Dawn is breaking, I’m dead tired, but I don’t care, because I’ve just written the last line of
Unraveled
, my debut erotic novel, and I’m ecstatic. So I hit the send button and e-mail the manuscript to Linda, my editor in Manhattan.
Right now, the title page reads:
Unraveled
by Miranda Stone.
That’s only temporary, though, because my name definitely won’t be on the final book, as I’m publishing it under a fake identity. Half the celebrities in Hollywood would probably run a mile if they discovered that Miranda Stone, ghostwriter to the stars, has published an erotic novel. And I’d be finished in the ghosting business forever.
So I haven’t said a single word about
Unraveled
to a living soul, and never will. And even if the book hits the best-seller lists, I won’t ever admit that I wrote it.
Nerve-wracking but essential, because I’m worried about not just alienating all those Hollywood stars, but shocking my mother, my stepfather, my younger sister, Lindy, and, above all, my eighty-one-year-old grandfather, whom I adore.
Truthfully, I should have played it safe and stuck to ghostwriting, but I’ve always been a risk taker and a sensation junkie. Which is why I love, love, love writing all about my heroine’s erotic adventures.

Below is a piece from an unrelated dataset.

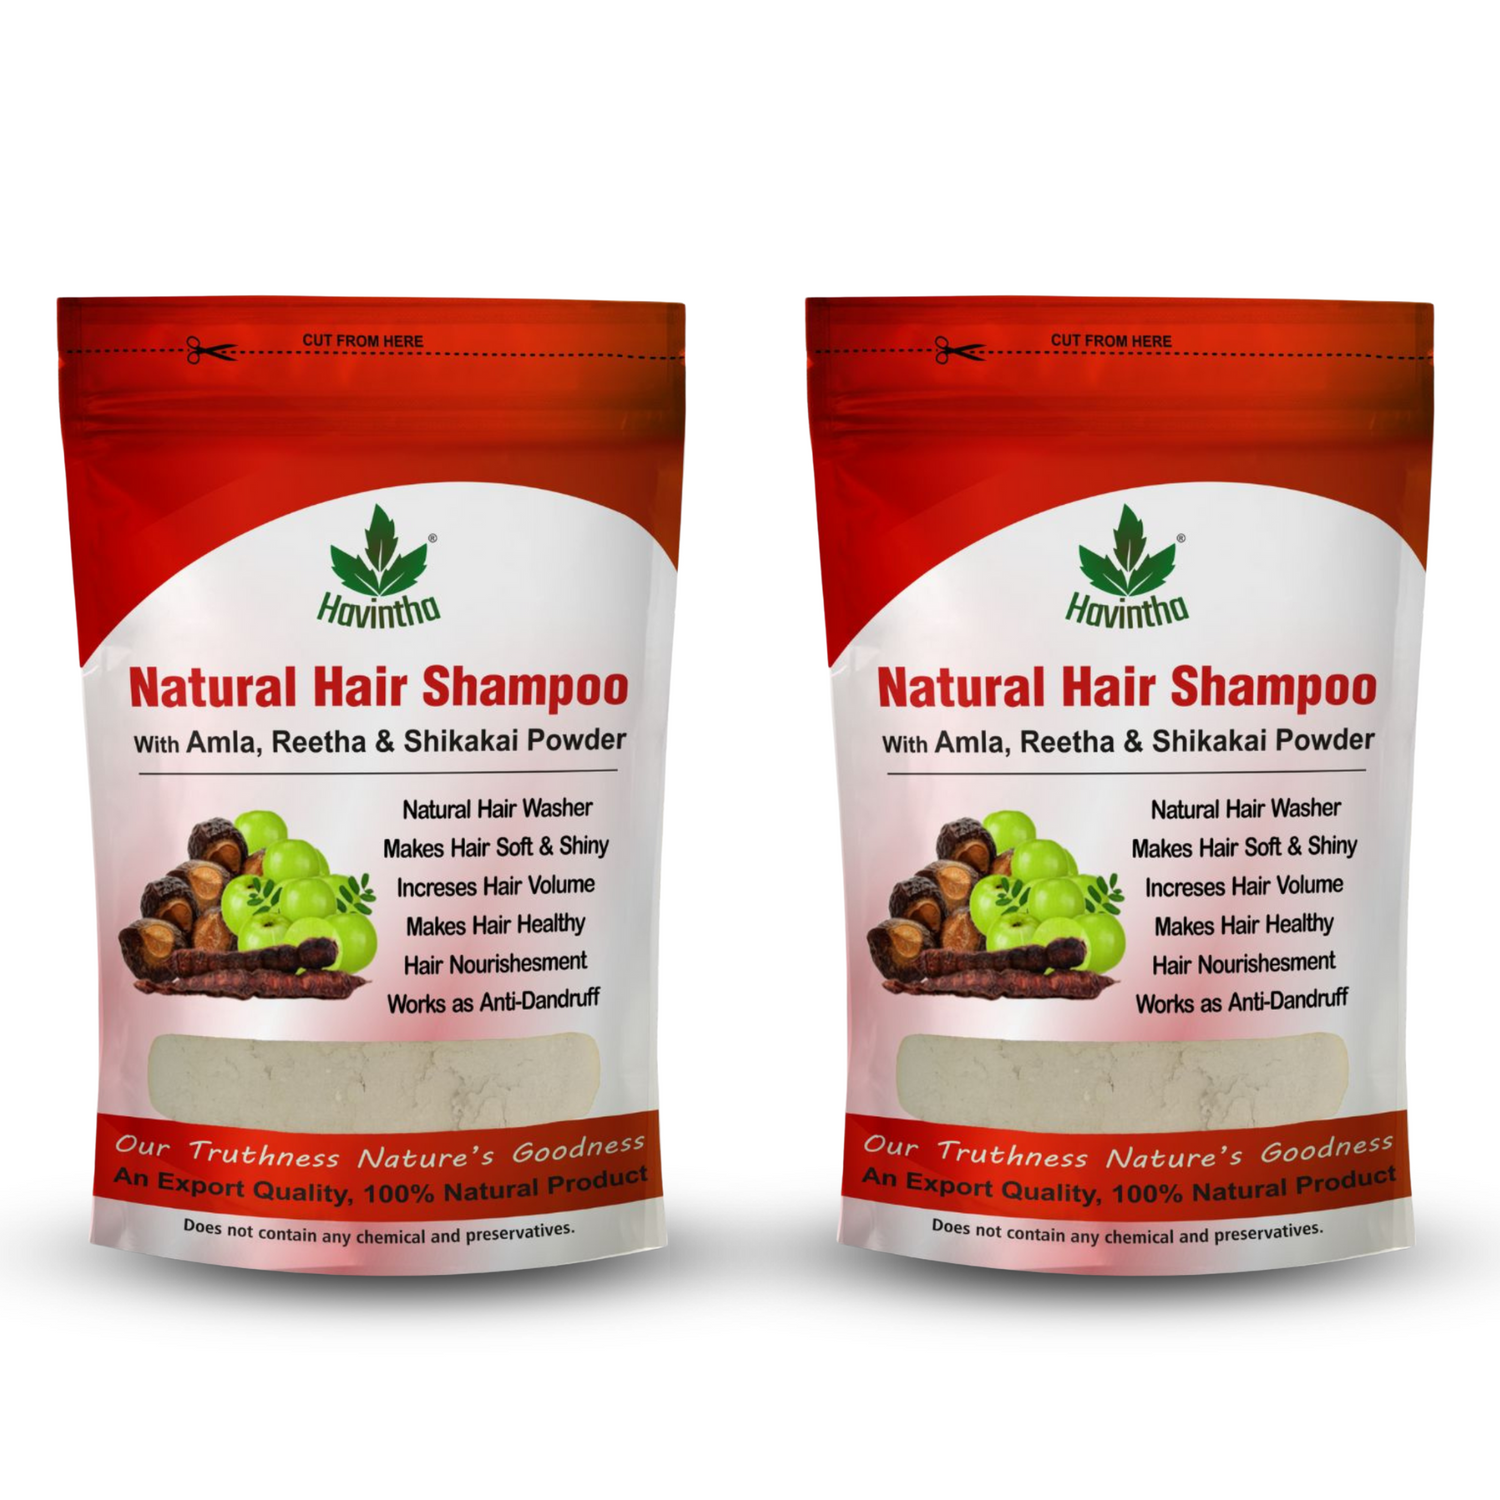 Natural Hair Shampoo Packaging

But will Linda love reading about them as well?
From: [email protected]
Date: October 1, 2014, 10:00 a.m.
Subject: holding my breath for your verdict . . .
Hi Linda,
I know it’s only been two weeks, but I’m dying to know what you think of the book . . .
Miranda, x
From: [email protected]
Date: October 1, 2014, 10:14 a.m.
Subject: check your outbox!!
I didn’t get anything from you, Miranda!!
Sorry.
Best regards,
Linda
OMG!
I e-mailed the manuscript of
Unraveled
to my little sister, Lindy, instead of to my editor, Linda!
And all because I was over the moon that I finished the book and hit send when I was bleary-eyed and half-dead.

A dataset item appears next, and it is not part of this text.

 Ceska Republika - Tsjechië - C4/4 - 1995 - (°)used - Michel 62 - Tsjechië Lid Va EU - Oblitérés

Half-dead? I want to kill myself!
The manuscript has my real name on it!
So now Lindy knows that I’ve written an erotic novel.
Worse still, she’s already had it for two whole weeks without saying a word!

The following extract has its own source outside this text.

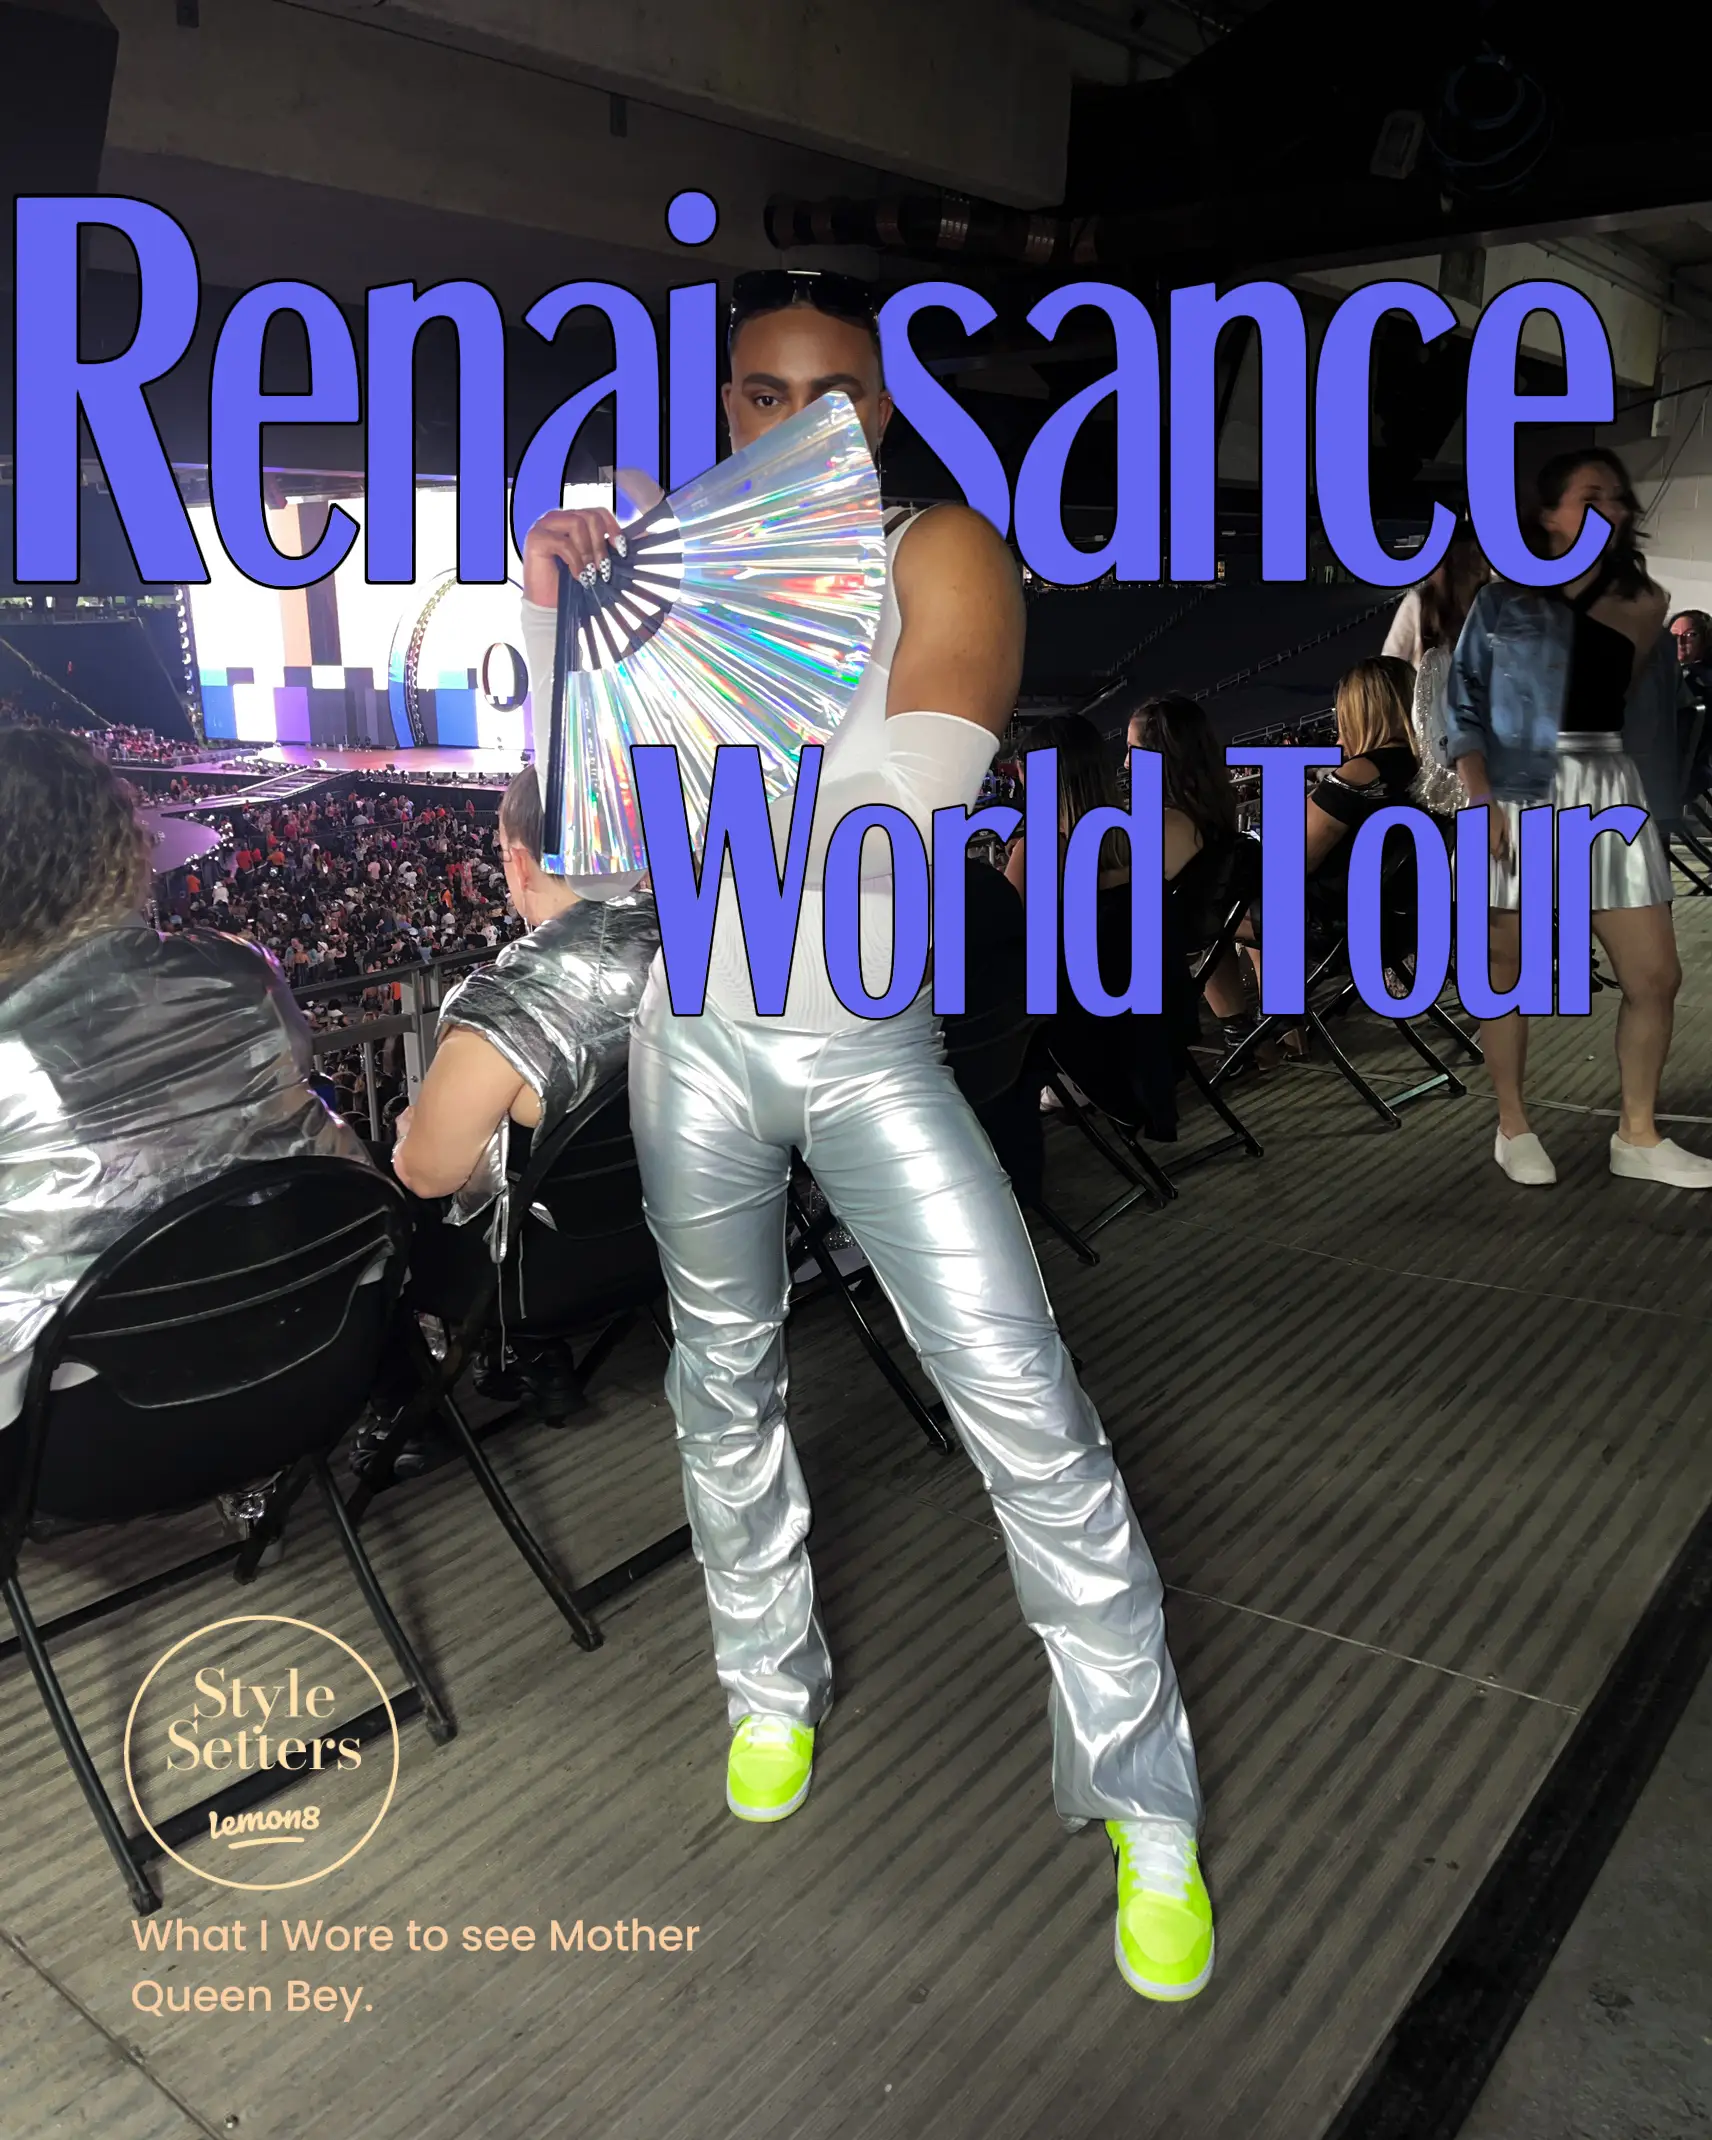 Renaissance World Tour Outfit Inspo's images

The best-case scenario? She hated it and trashed it on the spot.
The worst? She told Grandpa I’ve written an erotic novel, and he had a heart attack.
On second thought, Lindy would never do anything to hurt Grandpa. Nor would I, which is exactly why I never want him to find out that I wrote
Unraveled
.
Ever since our father left home when I was twelve and Lindy was one, Grandpa—our father’s father—has been more of a father to us than our real dad ever was. And now that our mom moved to Honolulu with my stepfather, Grandpa is our only family living close by. So Lindy and I make sure to spend as much time as possible with him while he’s still around.
Last year, Lindy, who lives in Astoria, just a couple of blocks from Grandpa, took him into the city to see a Broadway show. I almost went with them, but didn’t because I was dying to start writing
Unraveled
,
and just couldn’t wait. From the first moment I sat down at the computer, every single word flowed out of me like water torrenting down Niagara Falls at a hundred miles an hour.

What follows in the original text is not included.